Почему в наш просвещенный век мир так медленно демократизируется (а кое-где политический прогресс поворачивает вспять)? Почему в мире все еще так много авторитарных режимов, и они все никак не рухнут? Проблема обсуждалась на круглом столе в штаб-квартире партии «Яблоко».
Вначале заместитель председателя партии «Яблоко» Александр Гнездилов коротко описал общую картину, свидетельствующую, что, что влияние авторитарных режимов в нынешнем веке, к сожалению, усиливается. Так, в конце 1990-х годов демократические страны составляли чуть больше половины мировой экономики, а авторитарные государства — лишь 12% (сумма недотягивает до 100%, поскольку в мире имеется некоторое число стран, в том числе, слаборазвитых, которые затруднительно причислить к демократиям либо диктатурам).
На сегодняшний же день, в относительном выражении ситуация ухудшилась. На долю демократических стран приходится уже чуть меньше половины, авторитарные же резко продвинулись и «дают» более 30% мировой экономики. Прежде всего, за счет Китая, но не только.
«Это уже два конкурирующих пути развития», — подчеркнул Гнезилов. Он отметил еще несколько малоприятных тенденций. По мнению зампреда «Яблока», «диктаторы начинают все более ощущать общность своих интересов»: «общий язык находят» такие страны, как Иран, Сирия, Турция и «путинская Россия», между которыми до сих пор отношения были очень непросты.
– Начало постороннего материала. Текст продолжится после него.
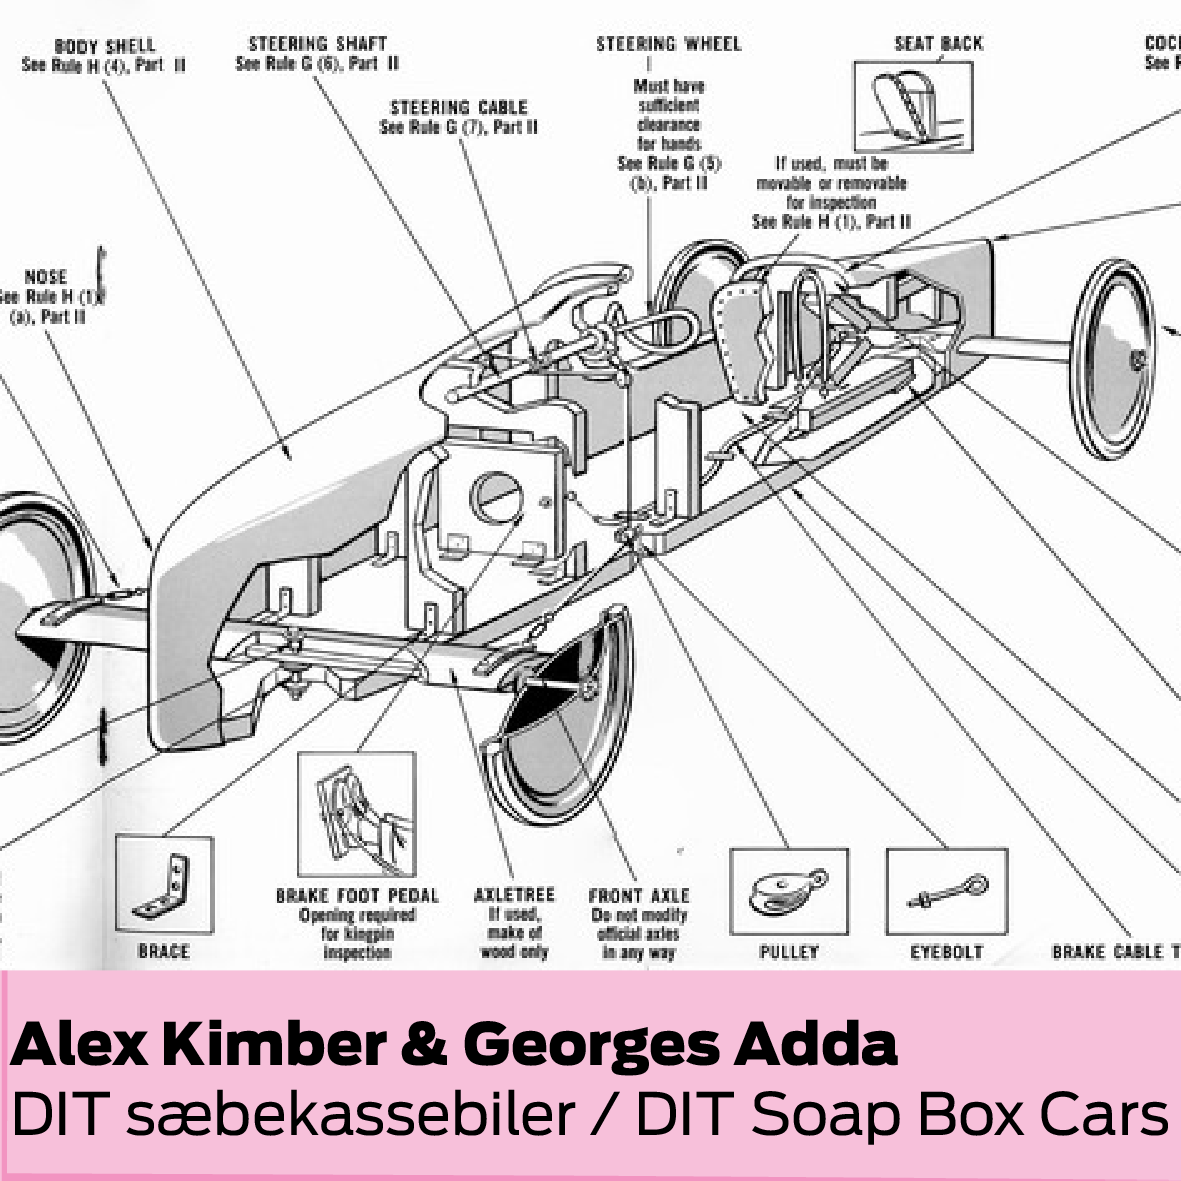 Copenhagen Fablab & Alex Kimber (DK): Byg og race med sæbekassebiler / Build and race with soap box cars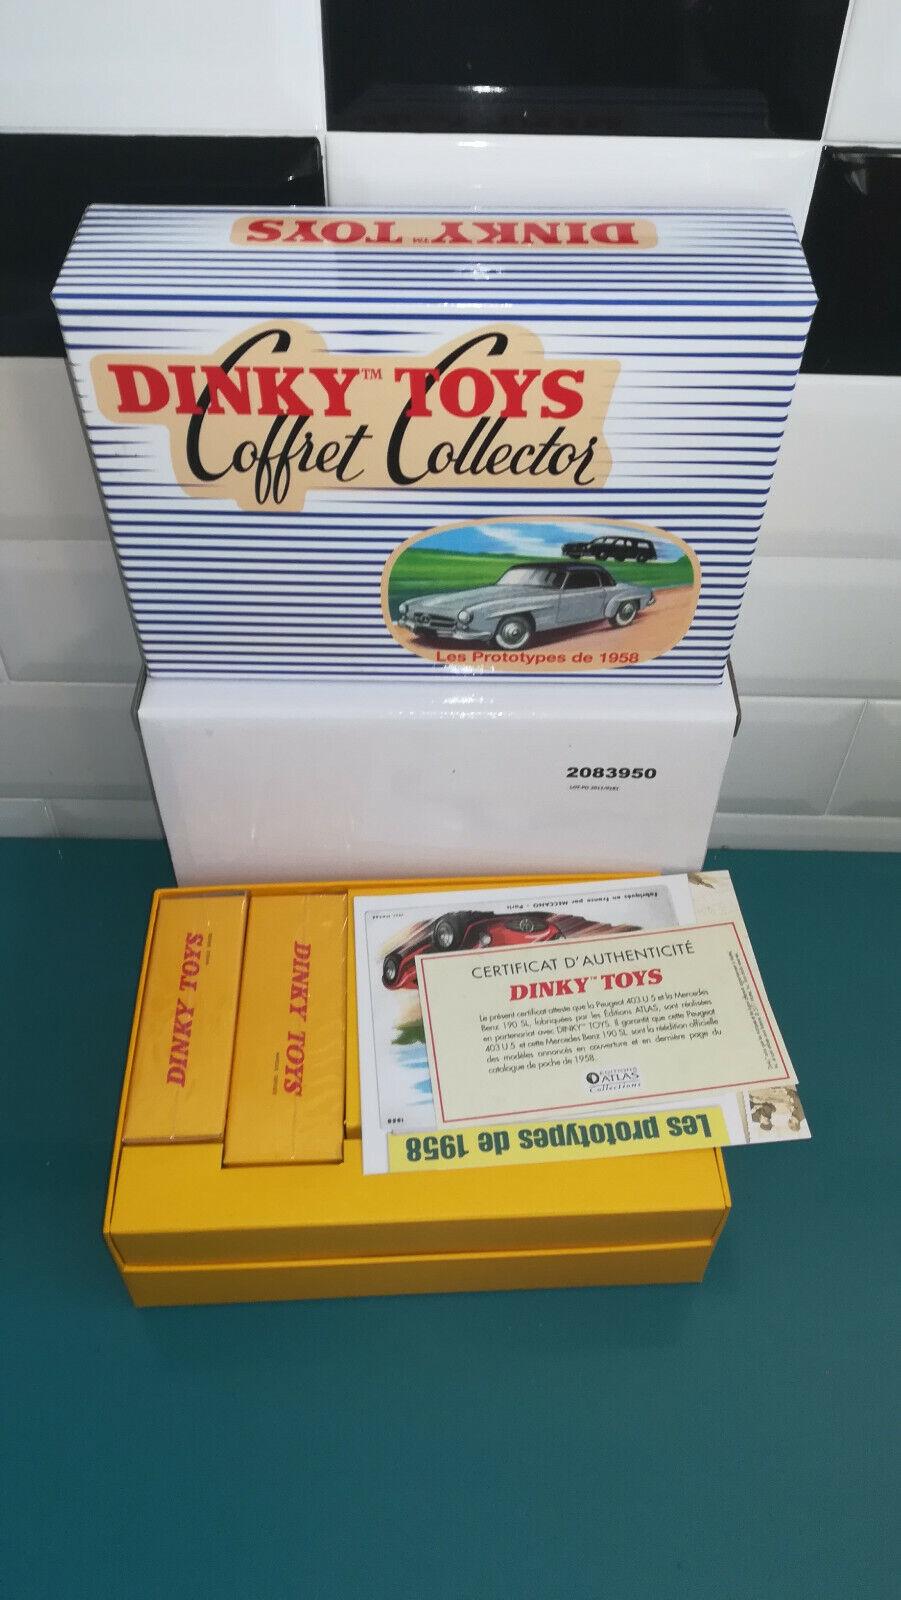 DINKY TOYS ATLAS coffret collector les prougeotypes de 1958 24 FH peugeot 403

«В самих демократических странах растет доля голосов, поданных за крайне правые партии, остается стабильной доля голосов за крайне левые партии, — констатировал Гнездилов. — И есть проблема «шредеризации», по имени бывшего канцлера Германии: процессы мягкой коррупции, которые разъедают центристские партии».
«В Египте общество сделало попытку выйти из авторитарного режима и в конце концов в него вернулось, — напомнил политик в качестве примера. — Воспроизвелся почти тот же самый режим, который был при Хосни Мубараке».
Известный историк и политолог, преподаватель Шанинки и сотрудник Левада-центра Татьяна Ворожейкина. в своем докладе прежде всего пожелала развеять одну из самых радужных либерально-интеллигентских надежд — на то, что демократия установится благодаря «расколу элит», когда сильные мира сего не смогут далее обеспечивать диктатуру и мирно поделятся властью.
В качестве примеров успешного и благодетельного «раскола элит» очень любят приводить два примера. Прежде всего, это, конечно, Испания после Франко. Когда во дворце Монклоа собрались лидеры политических сил и подписали знаменитый «пакт Монклоа», обеспечив плавный переход к современной конституционной монархии. Второй вдохновляющий пример — Бразилия. Где в столь символичное для россиян время, в марте 1985 года, был мирным путем положен конец 21 году военной диктатуры.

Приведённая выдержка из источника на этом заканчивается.